Das ist ihr Problem: Vor lauter Ehrgeiz, nur ja innerhalb der ersten 100 Tage Weichen zu stellen, blieb nur Zeit für einen groben Rahmen. "Bisher hat von der Leyen vor allem Fragen aufgeworfen, Antworten haben wir noch nicht so viele", sagt ein Brüsseler Wirtschaftsvertreter. Das liegt zum Teil am System: Die Europäische Kommission und ihre Präsidentin können eben nur vorschlagen, aber nichts aus eigener Kraft durchsetzen. Selbst wenn das Parlament mitspielt, stehen die Mitgliedstaaten auf der Bremse – wie derzeit noch bei der sogenannten mittelfristigen Finanzplanung, die beim Sondergipfel der Staats- und Regierungschefs scheiterte. Selbst diejenigen, denen von der Leyen ihre Überraschungswahl im vergangenen Juli verdankt, ziehen jetzt nicht mit.
100-Tages-Bilanz von Ursula von der Leyen fällt durchwachsen aus
Hinzu kommt eine tiefe Ernüchterung vor allem bei den deutschen Lobbyisten in Brüssel. Sie hatten sich über viele Jahre an einen deutschen EU-Kommissar Günther Oettinger gewöhnt, der keinen Empfang, keine Gelegenheit zu einer Rede und keine Besuchergruppe ausließ. Damit schuf er nicht nur große Nähe zu den Vertretern von Unternehmen und Verbänden, er trat aller europäischen Ausrichtung seines Kommissionsamtes zum Trotz auch als Kontaktmann für Deutschland auf. Nun stellt die Bundesrepublik zwar eine Präsidentin an der Spitze der Behörde, deren Amt bedingt aber eine hohe Neutralität und Unerreichbarkeit.
"Uns fehlt unser Mann in Brüssel", sagte ein hochrangiger Wirtschaftsvertreter gegenüber unserer Redaktion. "Wir kommen nicht an sie ran", drückte es der Statthalter eines großen deutschen Dax-Konzerns aus. Mit Namen will niemand zitiert werden, es könnte ja sein, dass dies die ohnehin knappen Zugangsmöglichkeiten noch stärker einschränkt. Das ist allerdings nicht nur der Preis, den die Lobbyisten eines Mitgliedslandes zahlen, wenn einer der Ihren Kommissionschef geworden ist. Es hat auch ein wenig mit der Art zu tun, wie "VdL", die ja auch im Brüsseler Kommissionsgebäude selbst wohnt, nach außen durch langjährige Vertraute abgeschirmt wird.
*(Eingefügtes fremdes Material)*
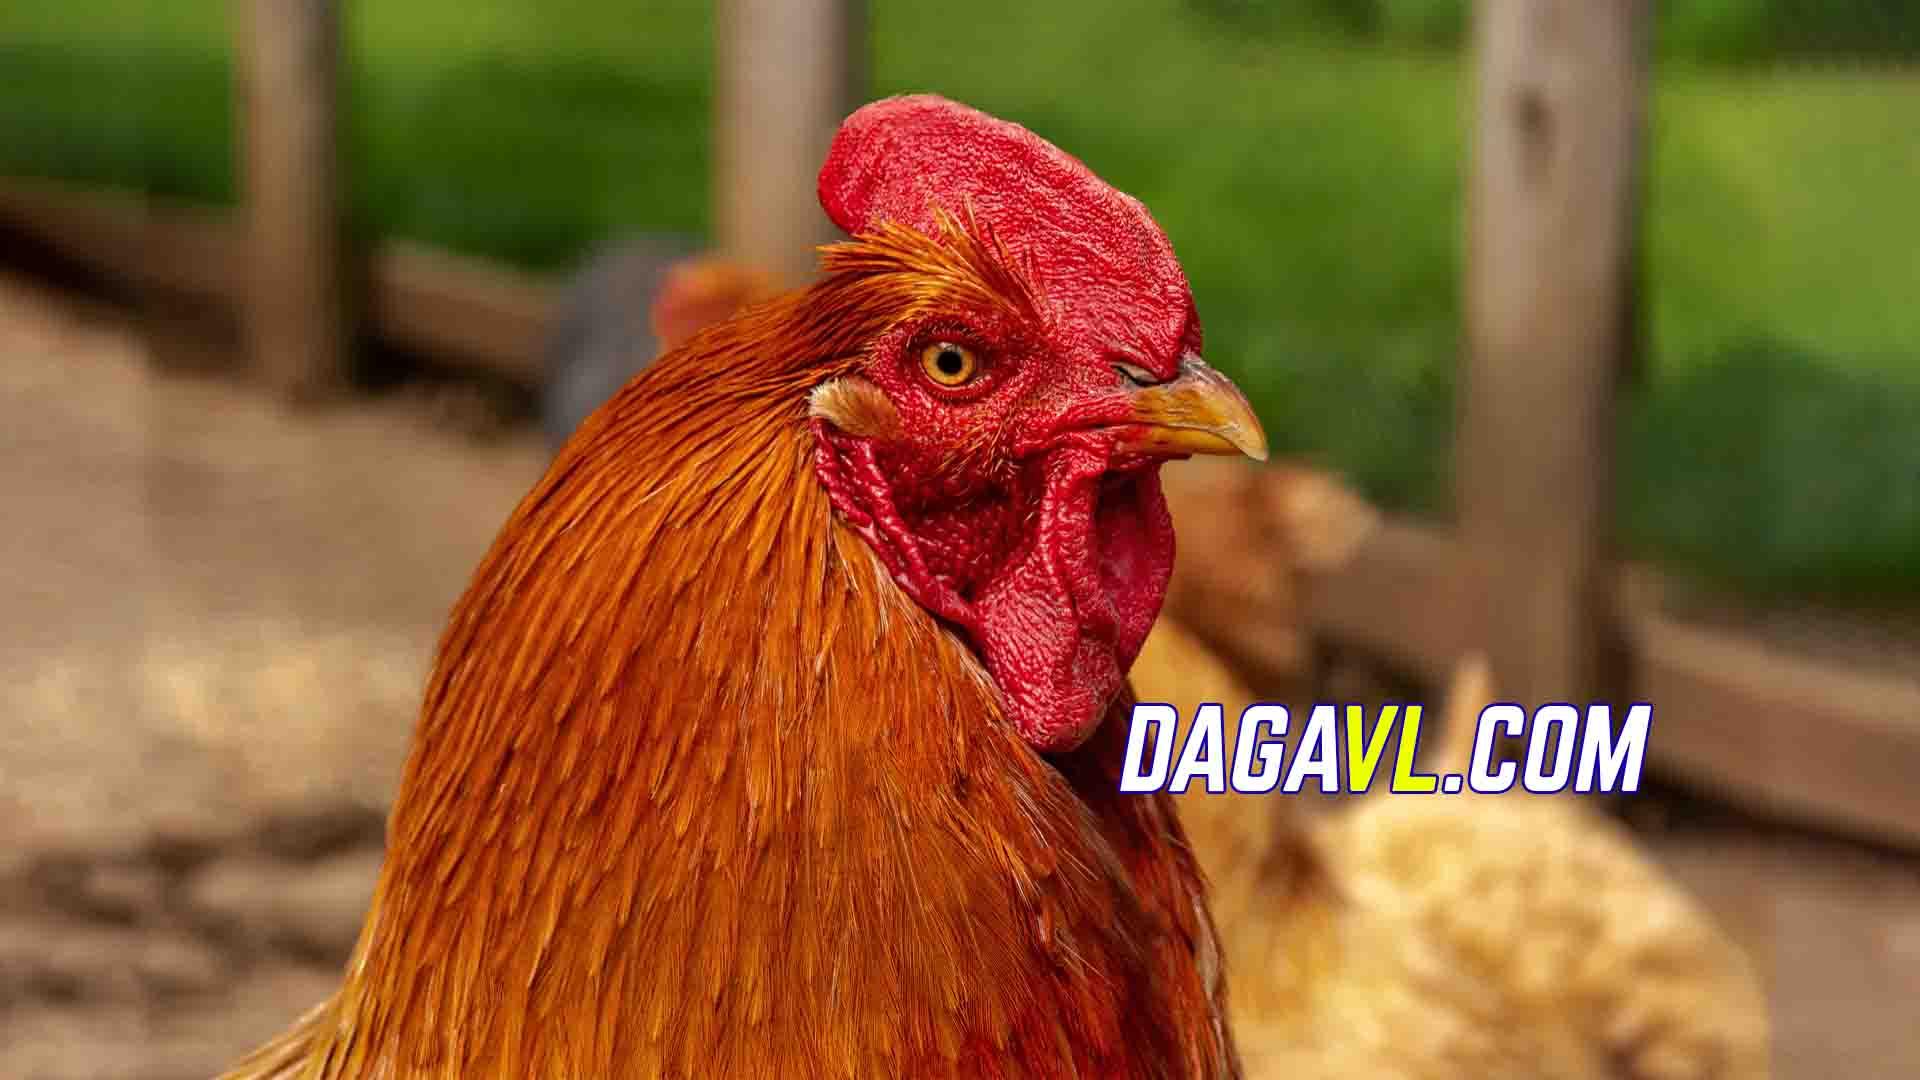 DAGAVL.COM - Chơi đá gà ngay trên bàn bi da

EU-Kommissionspräsidentin von der Leyen löste hohe Erwartungen aus
Intern präsentiert sich die Chefin sehr viel offener und keineswegs so strikt und dogmatisch, wie sie bisweilen erscheint. Den Kreis ihrer Exekutiv-Vizepräsidenten, Vizepräsidenten und "normalen" EU-Kommissare leite sie sehr kollegial, heißt es. In den Sitzungen des Kollegiums der 27 Alphatiere höre "VdL" "viel zu" und nehme Anregungen "aufmerksam" auf. Manch einer wünscht sich zwar "mehr Führung", aber alle genießen es, dass von der Leyen nicht alles alleine macht, sondern – wie bei der Vorstellung des Coronavirus-Aktionsprogramms – gleich eine ganze Riege ihrer zuständigen Kollegen mitbringt und auch diese glänzen lasse.
Am Montag sprach sie selbst von einem "fantastischen Team" – wer hört das nicht gerne? So schwanken die Benotungen, je nachdem, wen man fragt, zwischen "Zwei" und "Vier". Wenn man das übersetzt, heißt das wohl so viel wie: Die neue Kommissionspräsidentin hat selbst hohe Erwartungen ausgelöst. Erfüllt hat sie diese nicht. Aber dafür hat sie ja noch knapp 1700 Tage Zeit.